Let's subsidize cigarettes, shall we?

My fiancée is right next to me enjoying Megan’s tremendous post on the obesity scare — I feel a special kinship to Peter now that we’re both engaged to freakishly smart and talented econobloggers — and I want to fire off a quick post about something that’s been nagging me for a while.

The justification for taxes on cigarettes is that smokers cost more to the public purse, right? Not because they smell bad, right? They cost more because they get cancer, right?

What if it was the other way around? What if smokers saved the government money? Because we do. We get cancer earlier. We die younger. We cost less in pensions and we even cost less in healthcare. What is so cripplingly damaging to the healthcare system is end of life care for the elderly, right? Postponing the inevitable by a couple months, right? End of life care is much cheaper for a 60 year old with untreatable cancer, whom you just put on a morphine drip, than it is for an 85 year old with about eleven different conditions.
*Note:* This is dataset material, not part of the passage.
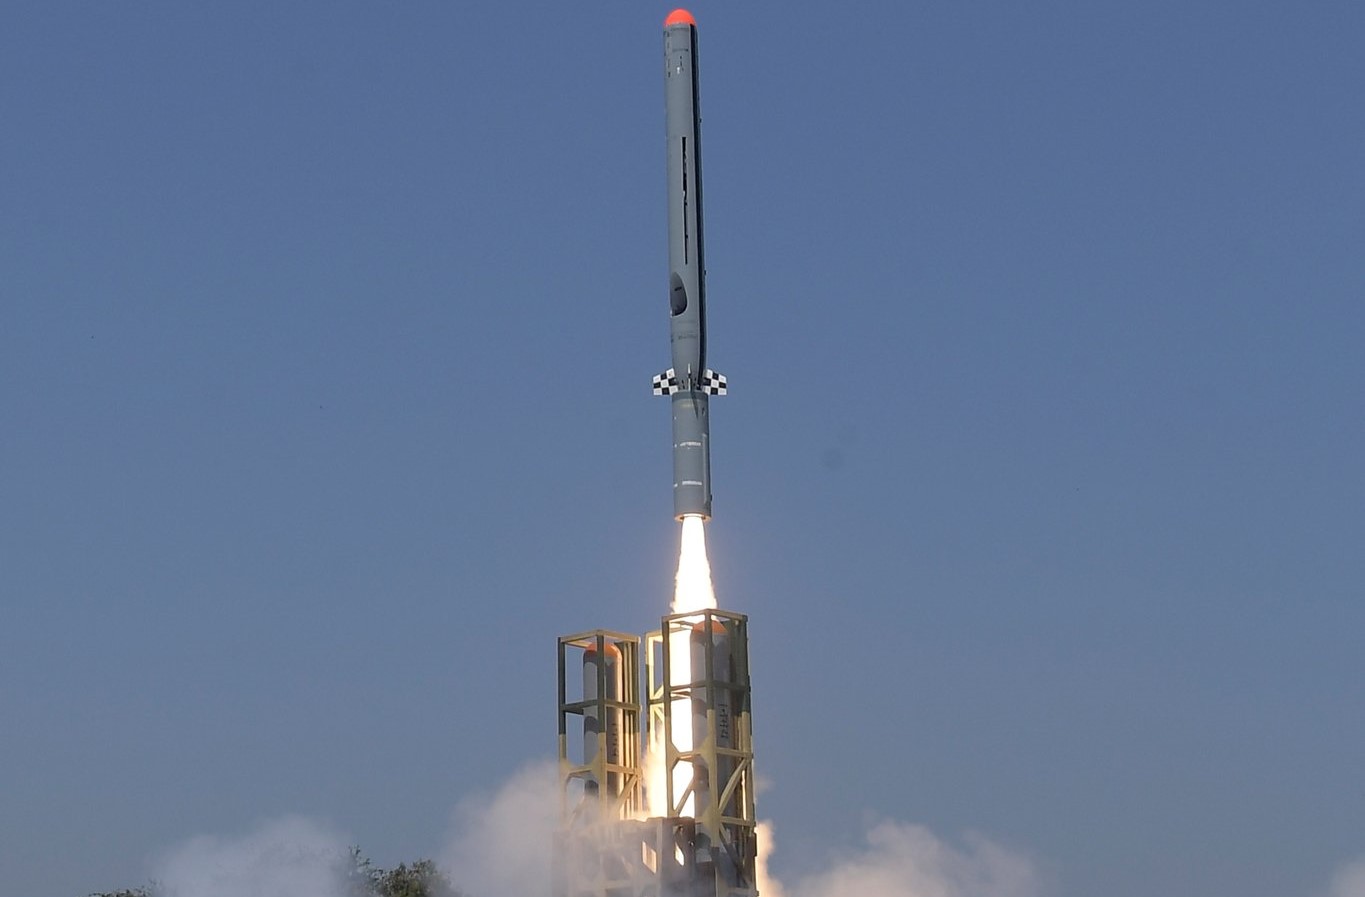 DRDO successfully tests Nirbhay ITCM (Indigenous Tech Cruise Missile) from ITR Chandipur, off the coast of Odisha.

So perhaps the ObamaCare plan or other healthcare systems around the world should create a cigarette subsidy to save money! Public service announcements explaining that the cool kids smoke! (Well, maybe not, that would drive the kids away.) If the purpose of a Pigovian tax truly is to reduce negative externalities, should we not go even further and tax gyms, and subsidize transfats?

It’s the right thing to do.

Look, just to be clear: this post is tongue in cheek obviously, but it hints at a real problem with Pigovian taxes and purely utilitarian public policy more generally.

The real reason we have tons of taxes on cigarettes is because 1- it’s politically expedient to raise taxes on a minority and 2- most people think “Ick, gross!” The negative externality argument is used to retrospectively justify a sin tax applied for moral, not economic reasons.

But this creates a pitfall: facts, as a great thinker once said, are stubborn. If your negative externality is actually a positive externality, the mask of your oh-so-utilitarian, oh-so-rational policy falls.

One of the reasons I don’t think of myself as a libertarian even though they’re the group whose actual policy preferences most closely mirror mine is because of things like this. Legislation reflects a society’s moral values. In fact, it should reflect a society’s moral values, consistent with individual freedoms, because it is what a democratic polis is all about: a nation deciding by which rules it wants to live.

Government can’t and won’t “just get out of our lives”, simply because what you describe as “getting out of our lives” isn’t the same thing as what I describe as “getting out of our lives”, and, until Jim Manzi finally succeeds at creating evidence-based social science, there is no scientific way to decide what government should or should not do — and nor should there be.

So if you want to disincentivize smoking through sin taxes, that’s perfectly fine. It’s okay to have public policy that disincentivizes bad things just because they’re bad, without having to make budget projections over the next 30 years. I’m willing to pay extra to feed my addiction. But don’t lie about the real reason you’re doing it.